• THE TASK:
Only the pictures are to be left out; write out the rest of the data exactly.

• SOURCE MATERIAL:
----------

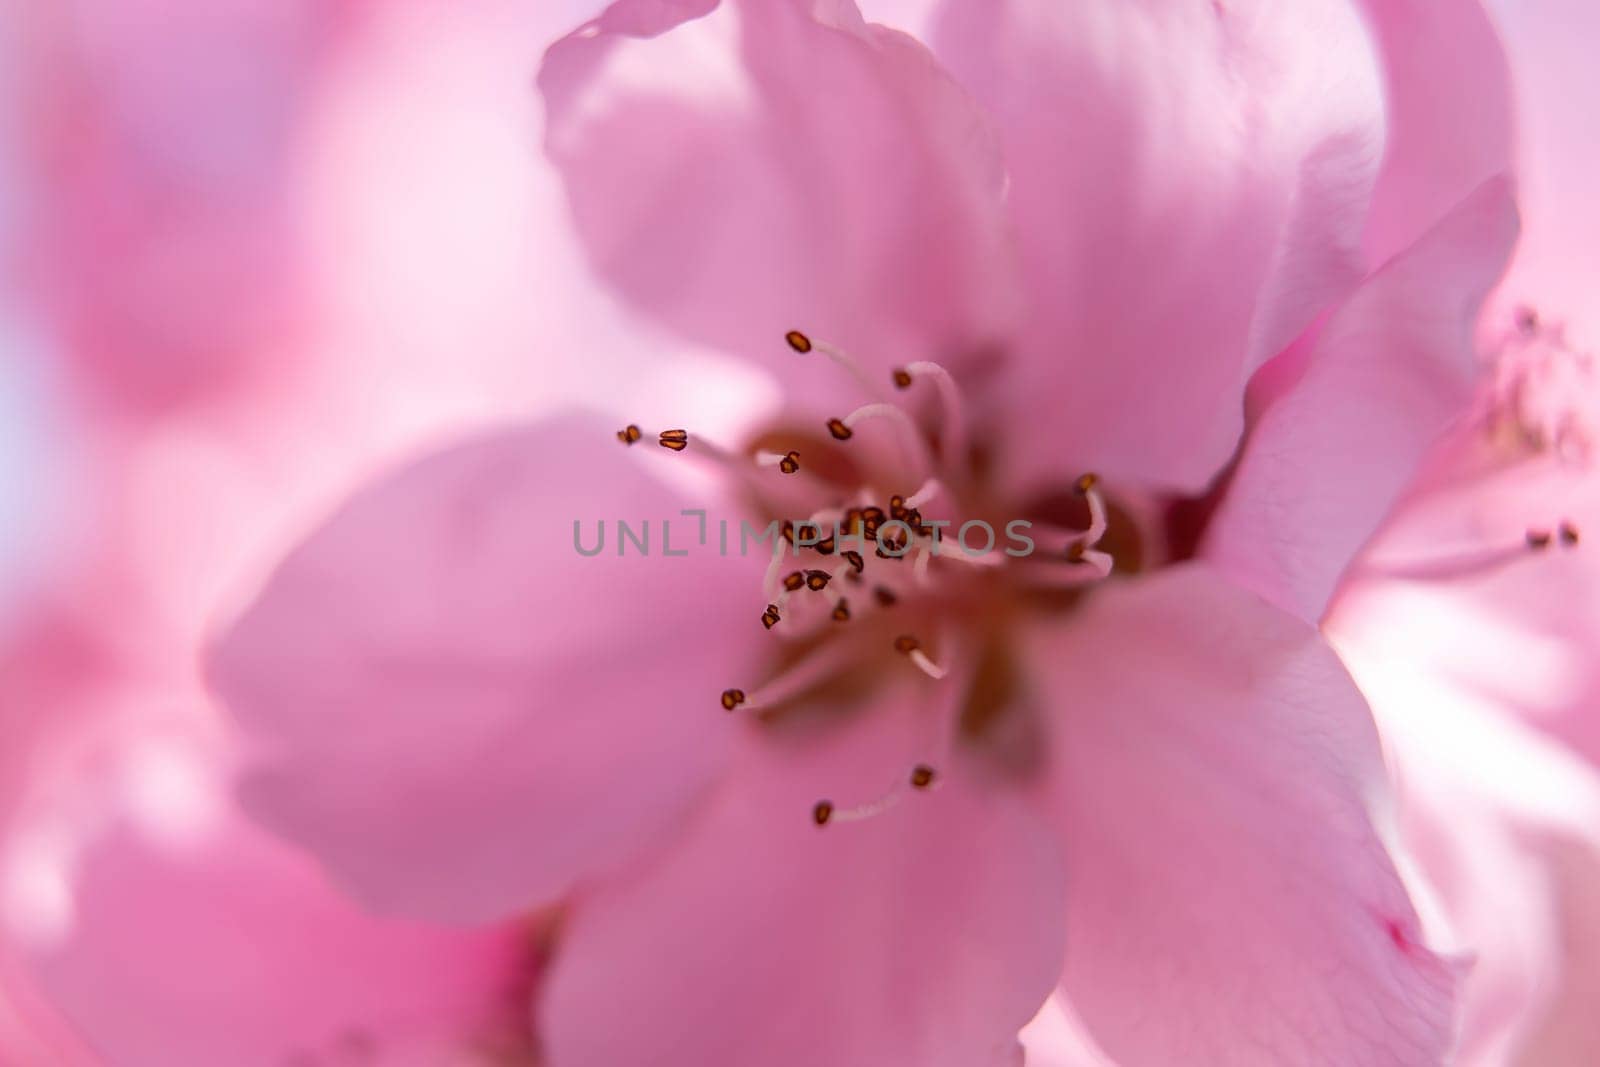 close up pink peach flower with a fuzzy, blurry background. The flower is the main focus of the image, and the background is intentionally blurred to draw attention to the flower
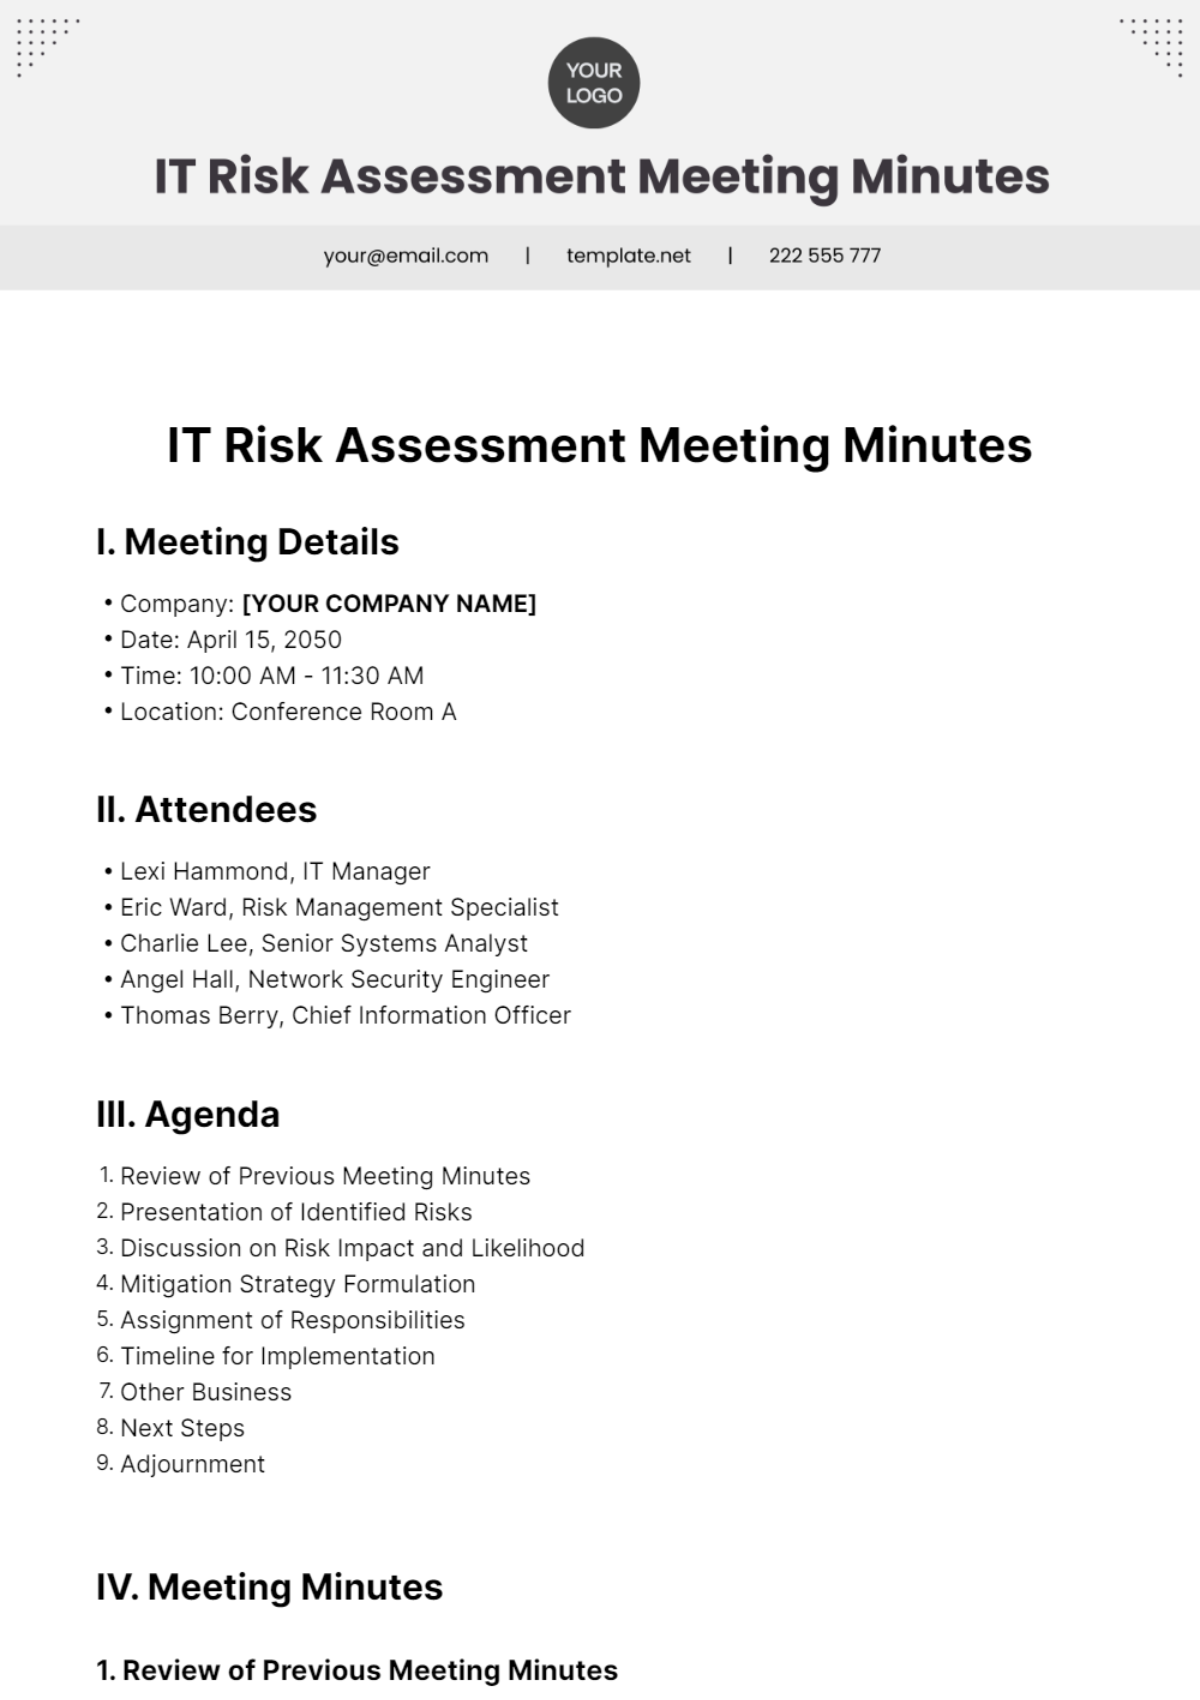 IT Risk Assessment Meeting Minutes Template
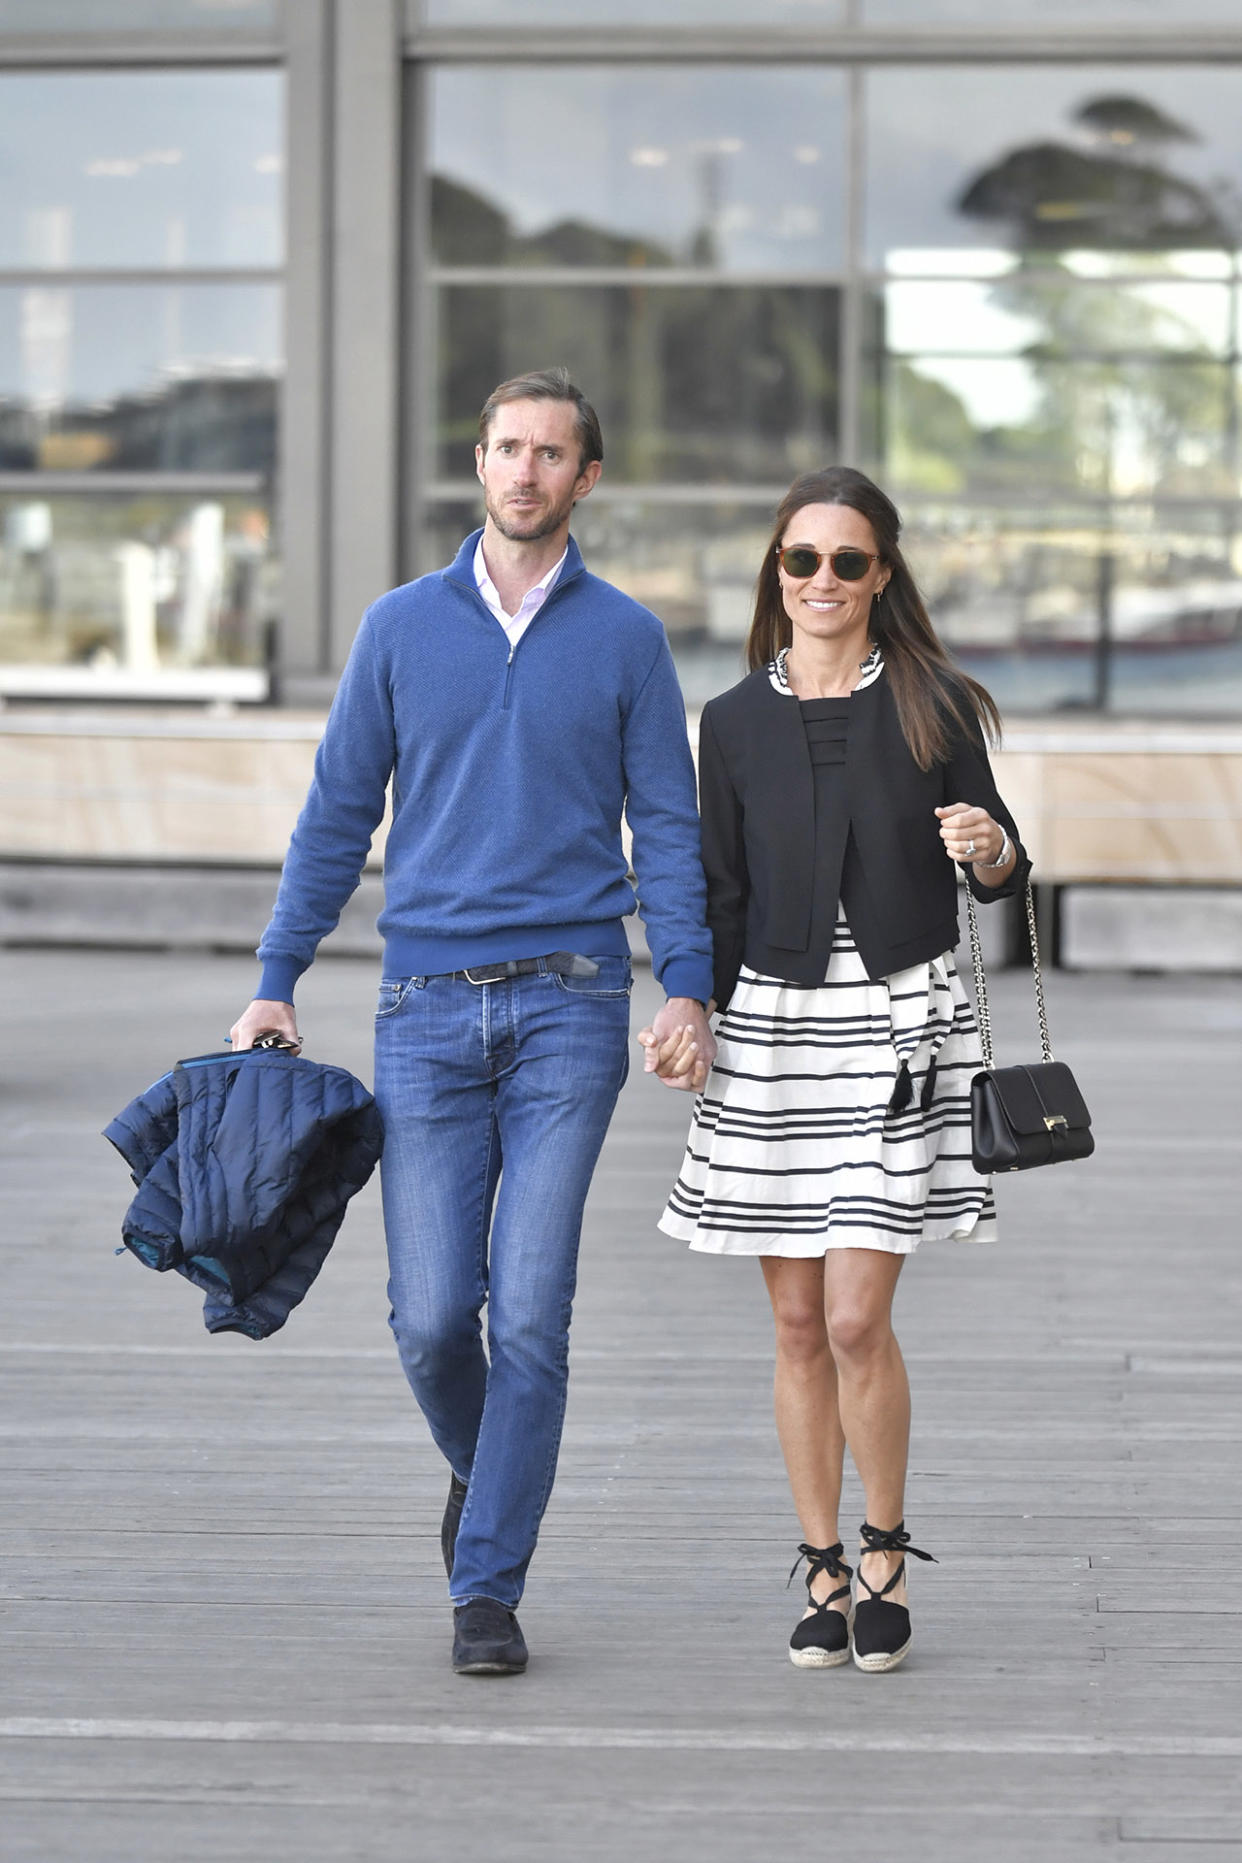 Pippa Middleton and new husband James Matthews are seen getting on a water taxi in Sydney harbour during their honeymoon<P>Pictured: Pippa Middleton and James Matthews<B>Ref: SPL1410918  310517  </B><BR/>Picture by: Splash News<BR/></P><P><B>Splash News and Pictures</B><BR/>Los Angeles:310-821-2666<BR/>New York:212-619-2666<BR/>London:870-934-2666<BR/>photodesk@splashnews.com<BR/></P>
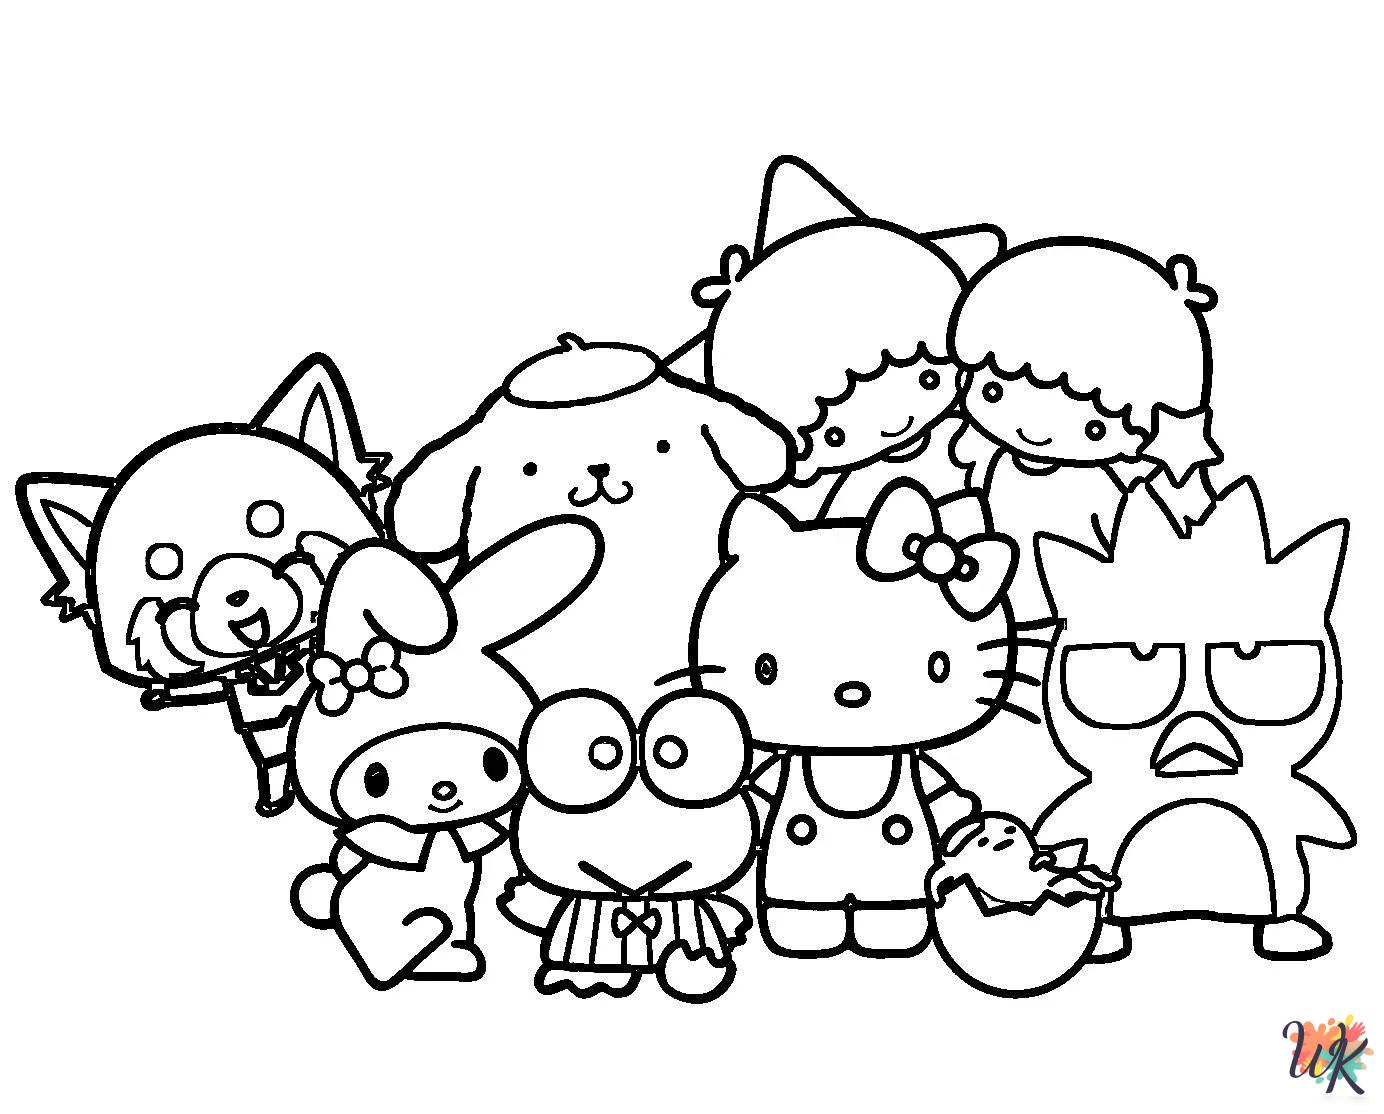 Sanrio Coloring Pages For Kids - ColoringPagesWK.com

----------

• OUTPUT BELOW:
 close up pink peach flower with a fuzzy, blurry background. The flower is the main focus of the image, and the background is intentionally blurred to draw attention to the flower
 IT Risk Assessment Meeting Minutes Template
 Pippa Middleton and new husband James Matthews are seen getting on a water taxi in Sydney harbour during their honeymoon<P>Pictured: Pippa Middleton and James Matthews<B>Ref: SPL1410918  310517  </B><BR/>Picture by: Splash News<BR/></P><P><B>Splash News and Pictures</B><BR/>Los Angeles:310-821-2666<BR/>New York:212-619-2666<BR/>London:870-934-2666<BR/>photodesk@splashnews.com<BR/></P>
 Sanrio Coloring Pages For Kids - ColoringPagesWK.com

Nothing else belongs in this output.